For forty days and forty nights it rained in the desert, while Noah was in the ark...

Jesus walked the desert for forty days and forty nights. (Lent is 40 days long).

In many parts of the Judeo-Christian Bible, the length of time forty days and forty nights is mentioned again and again. Modern theologians believe that forty days and forty nights was not a set length of time but a storytelling convention. It is believed that the idea of "forty days and forty nights" really meant "a long length of time that no one really kept track of". This is to keep story accuracy, without worrying about the minute details of actual numbers, where they didn't matter.

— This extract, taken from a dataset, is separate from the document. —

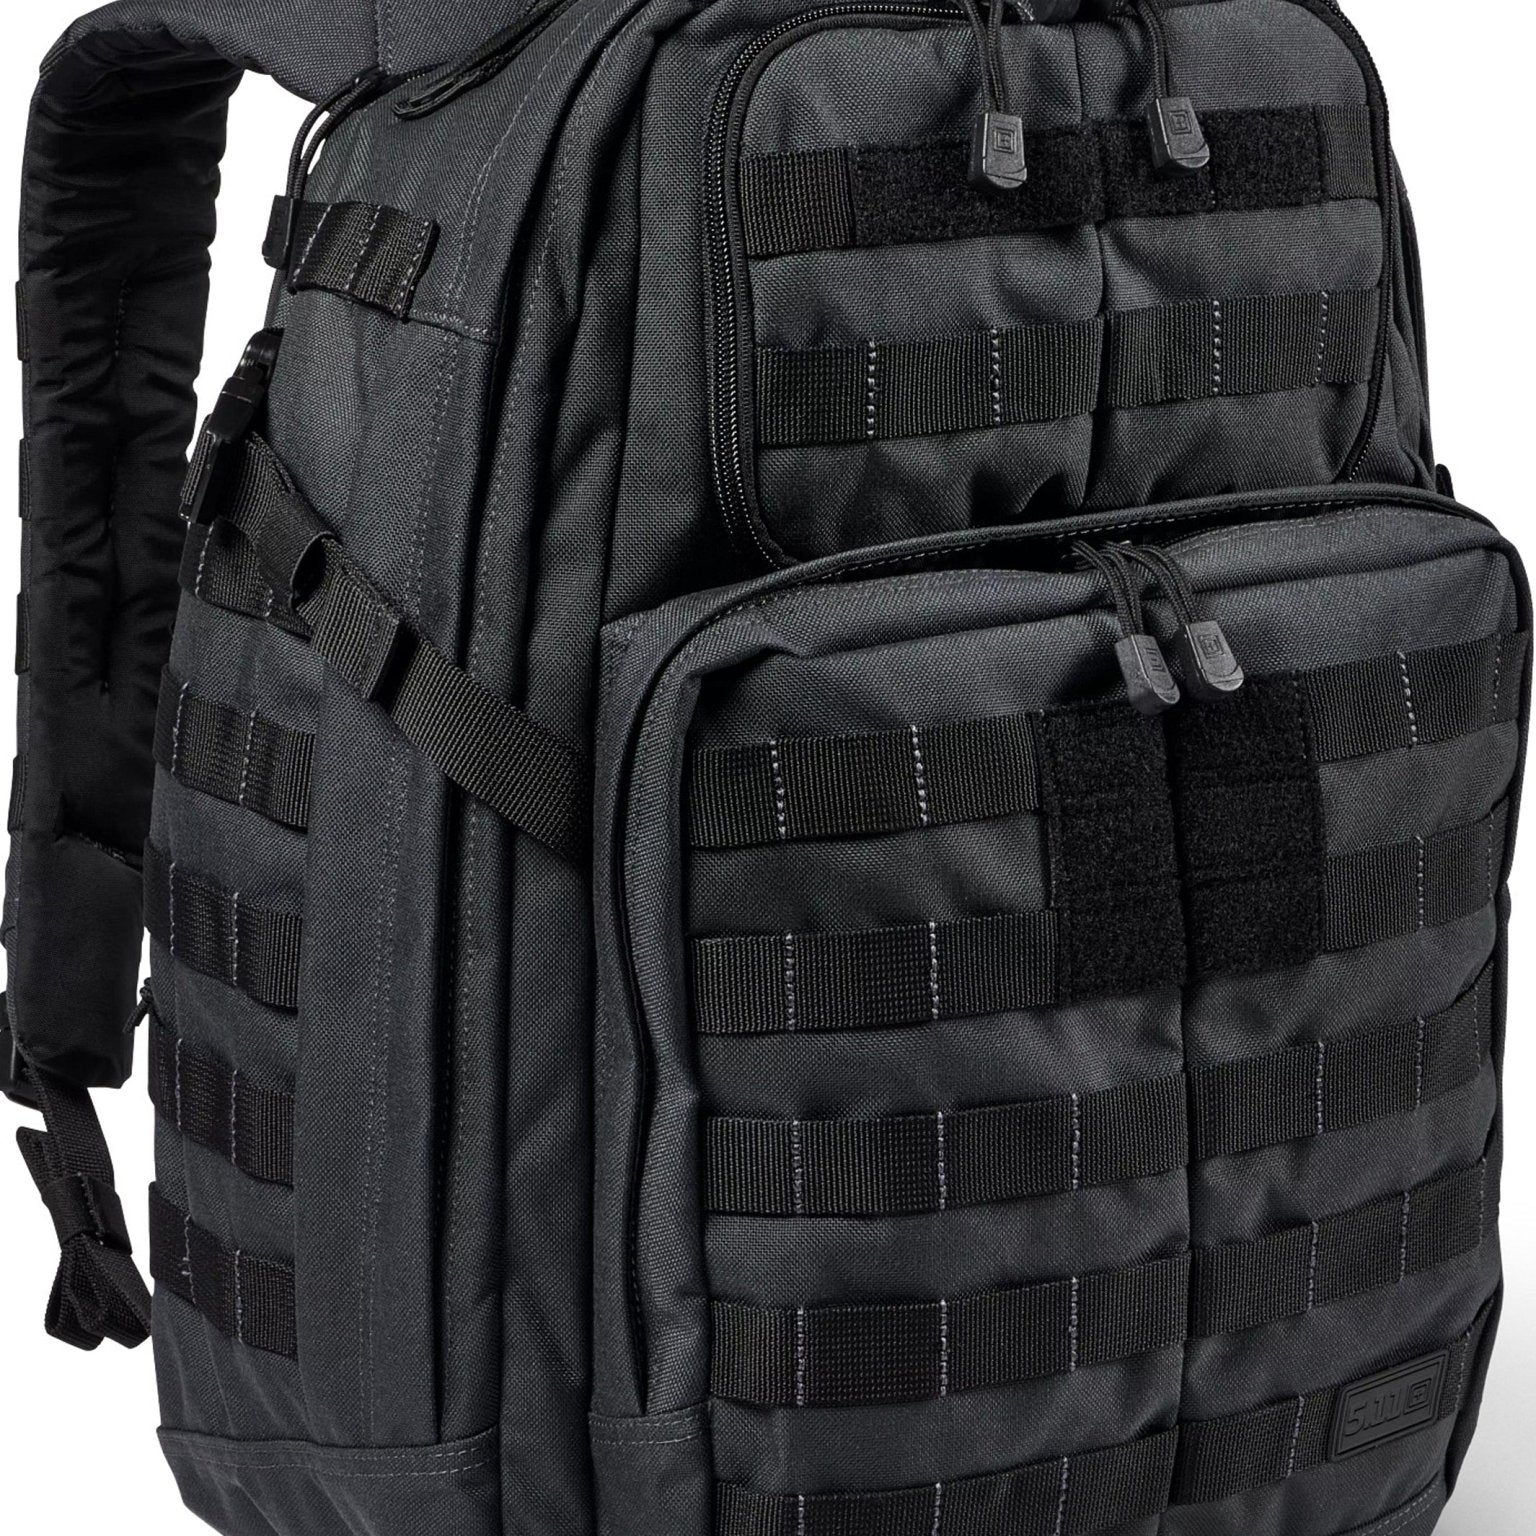 4elementsclothing5.11 Tactical5.11 Tactical - 5.11 Tactical Rush 24 2.0 Backpack - Style 56563Bag56563-026

It also made stories easy to remember. For generations, the Bible was not written down many times, and thus vague generalizations made it much easier to remember the stories. You will notice the number forty in the bible many times, in other places, not for a length of time. It stands for simply "a long time", or "a large amount". In stories such as "The Forty Martyrs", it is not simply a weird conincidence that there are forty people killed. It is simply meant that a lot of people died that day, so many that people didn't really keep track of it.

Typically you will not find these generalizations in the "well kept" parts of the bible: Hebrew Law and the Letters to (X). These were well kept, and well studied (and started off written down). The more "vague" portions of the Bible (Genesis, the early Hebrew Books, non-Biblical accounts of early Christianity) are more likely to have this sort of generalization, as they were more story than scripture for a long time.